Due to the superior properties of niobium silicon-based alloy materials, we systematically studied the structural stability, electronic properties and the relationship between Nb concentration and superconductivity of binary Nb-Si system under pressures below 40 GPa. We have identified three stable structures Nb5Si3, NbSi2 and Nb3Si, that have been experimentally confirmed under ambient pressure, as well as a new ground state stable structure Nb3Si2 above 37 GPa. Electronic structure calculations reveal that all the compounds are metallic. Furthermore we calculated the superconductivity transition temperatures of Nb3Si, γ-Nb5Si3, NbSi2, and Nb3Si2 at ambient pressure, finding that the critical temperature is closely related to the Nb-d states at the Fermi level and the vibration of Nb atoms.
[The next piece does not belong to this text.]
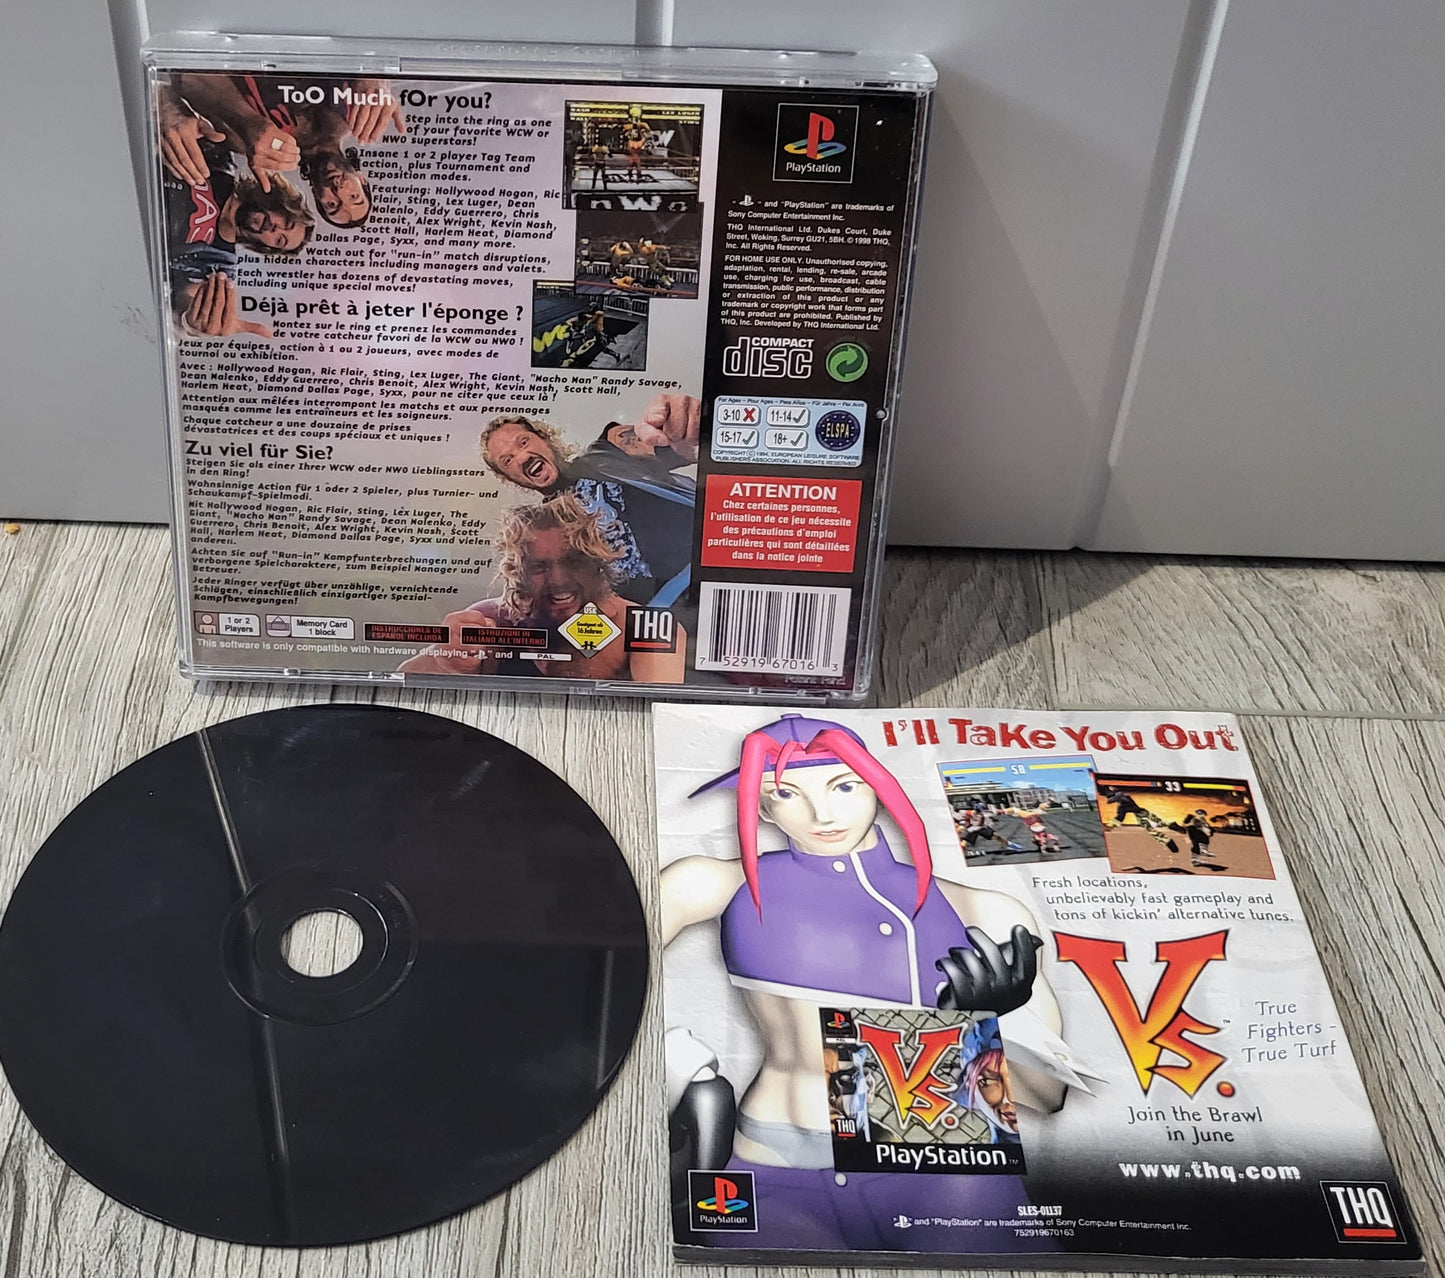 WCW Nitro Sony Playstation 1 (PS1) RARE Game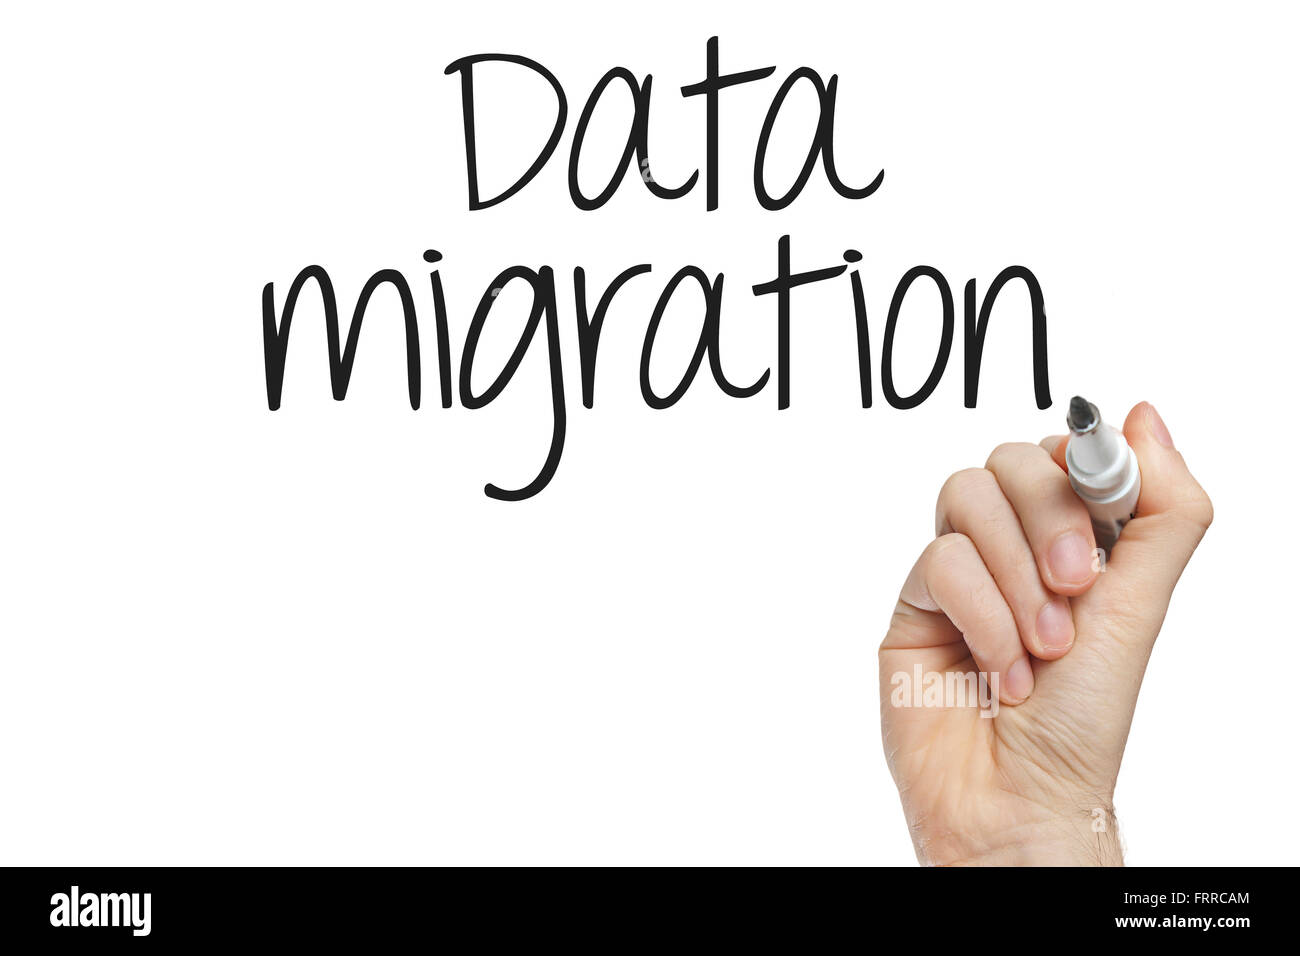 Hand writing data migration on a white board Stock Photo

The calculated result of Nb3Si (TC=17.8 K) is in accordance with experimental observations, and the critical temperatures of γ-Nb5Si3 and Nb3Si2 are 7.7 K and 3.8 K respectively. In addition, we observed that the phase with a higher superconducting temperature tends to appear in compounds with higher Nb content. This may provide valuable insights into the influence of different structures and chemical compositions on superconducting performance, offering guidance for the design and synthesis of novel superconducting materials.